Brighton’s depiction of ease and luxury hides a thin veneer of crime, filth, despair, and violence packed into the carnival, race track, cheap boardinghouses, dark alleyways, and bars. Greene’s novel was apparently based on real gangs that plagued the area between the two world wars and there is the same sense of poverty, amorality, and desperation found in Weimar-era narratives. In Brighton Rock, this revolves around Pinkie, one of Britain’s best villains. The late, great Richard Attenborough was fresh off reprising his stage role as Pinkie and is perfectly cast here, a combination of cherubic and diabolic traits. The Catholic Pinkie believes seriously in supernatural forces.
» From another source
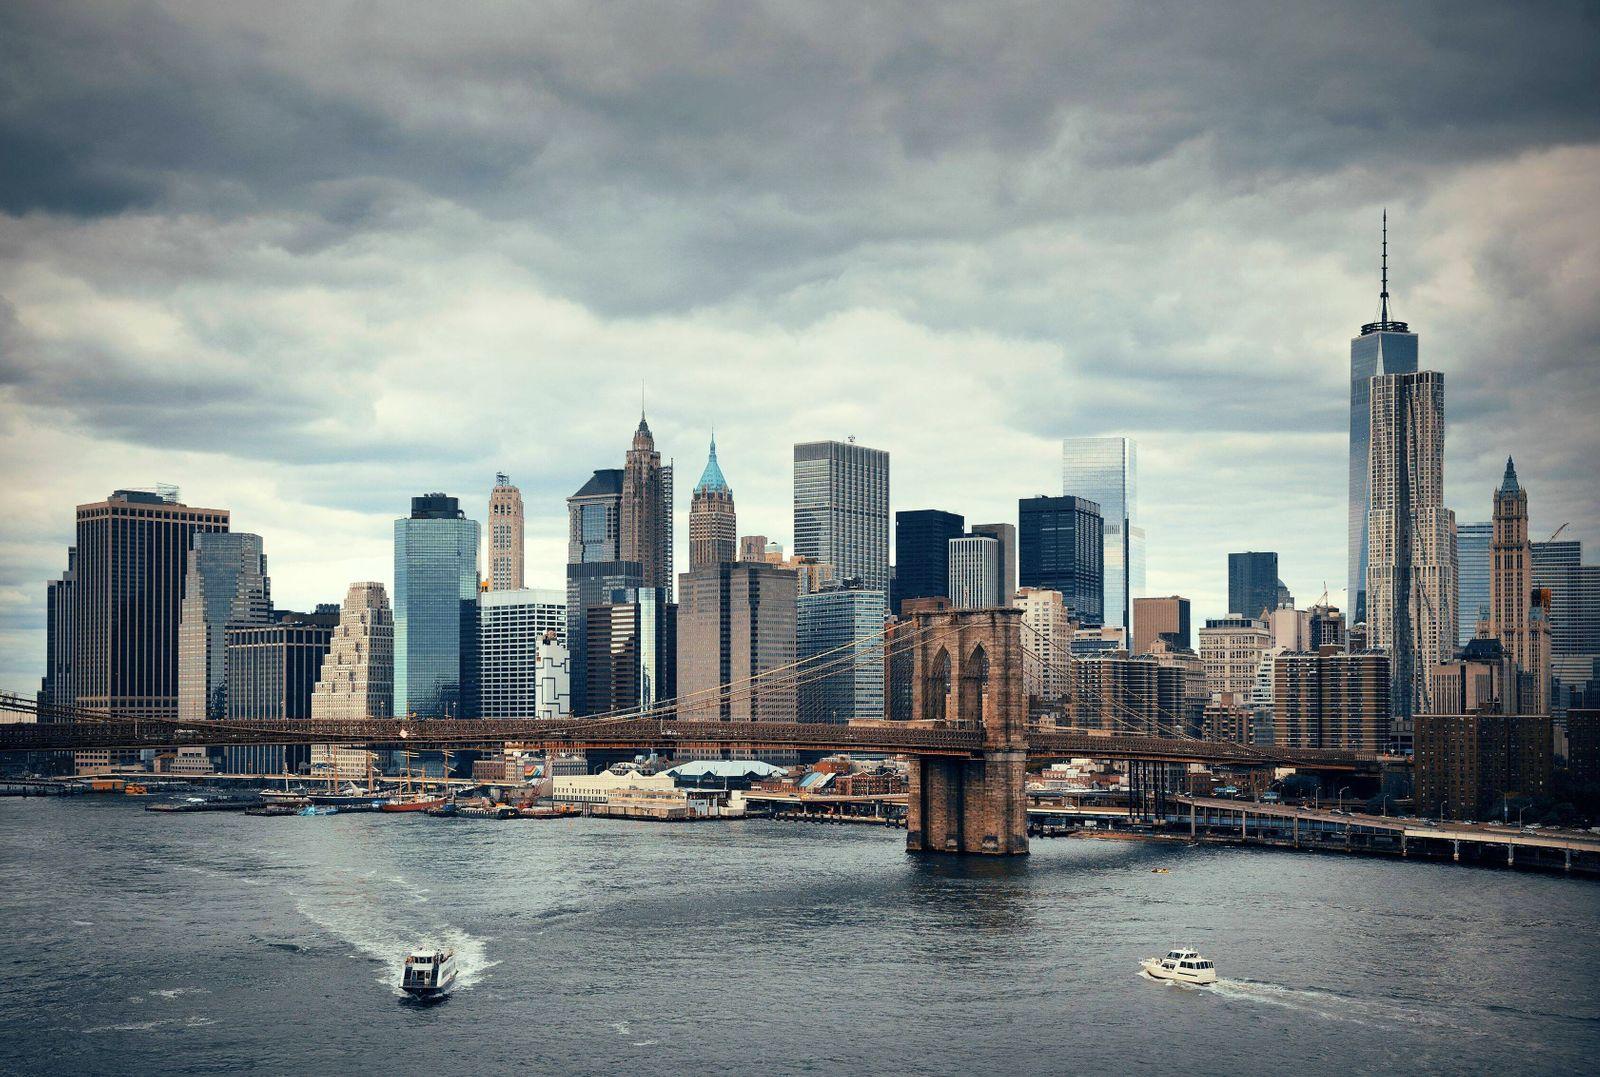 travel New; York New York City Cityscape architecture Water New York Skyline United Ny PUBLICATIONxNOTxINxCHN 2681248525

He’s anxious and neurotic, a convincing face of evil despite the fact that he’s just a teenager.

The crux of the plot revolves around his neuroses coming down hard on the gang. Though Pinkie is able to kill Fred — a chilling scene set in the carnival fun house — he is gripped by paranoia that someone will discover his crime, even though the police have immediately closed the investigation as death due to a heart attack. It is perhaps a secret, hidden guilt that causes Pinkie to obsessively worry about evidence, which he has his followers track down and stamp out for no logical reason. His marriage to Rose seems to be a way to keep her close without admitting that he has feelings for her — it’s possibly these feelings of love within himself that Pinkie hates, rather than Rose herself. It is also likely that Rose — young and Catholic, like himself — is a living reminder of his guilt, his act of murder. He could easily murder her too, a far simpler task than marrying her to keep her quiet, but he chooses to keep her close.
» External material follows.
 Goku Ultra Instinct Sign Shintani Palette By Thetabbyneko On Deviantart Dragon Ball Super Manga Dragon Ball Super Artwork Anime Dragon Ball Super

Aside from Attenborough’s incredible performance, there are some great side roles. Hermione Baddeley is wonderful as the stubborn Ida, a frumpy, somewhat annoying performer who is inexplicably desperate to discover Fred’s murderer. This is presumably because of his one act of kindness towards her — an act fueled sheerly by desperation — which adds to the pathos of her character and the grim tone of the film. Future first Doctor Who William Hartnell is quite dashing as Dallow, while Carol Marsh (Horror of Dracula) is lovely as Rose.

Brighton Rock is available on Blu-ray and comes with the highest recommendation. Though the ending was forced on Boulting by the studio, I think it sums up the overall air of the film — incredibly cynical — and shows that hope is a lie, optimism and faith are always misplaced, and the Catholic way of looking at the world is often strange and cruel.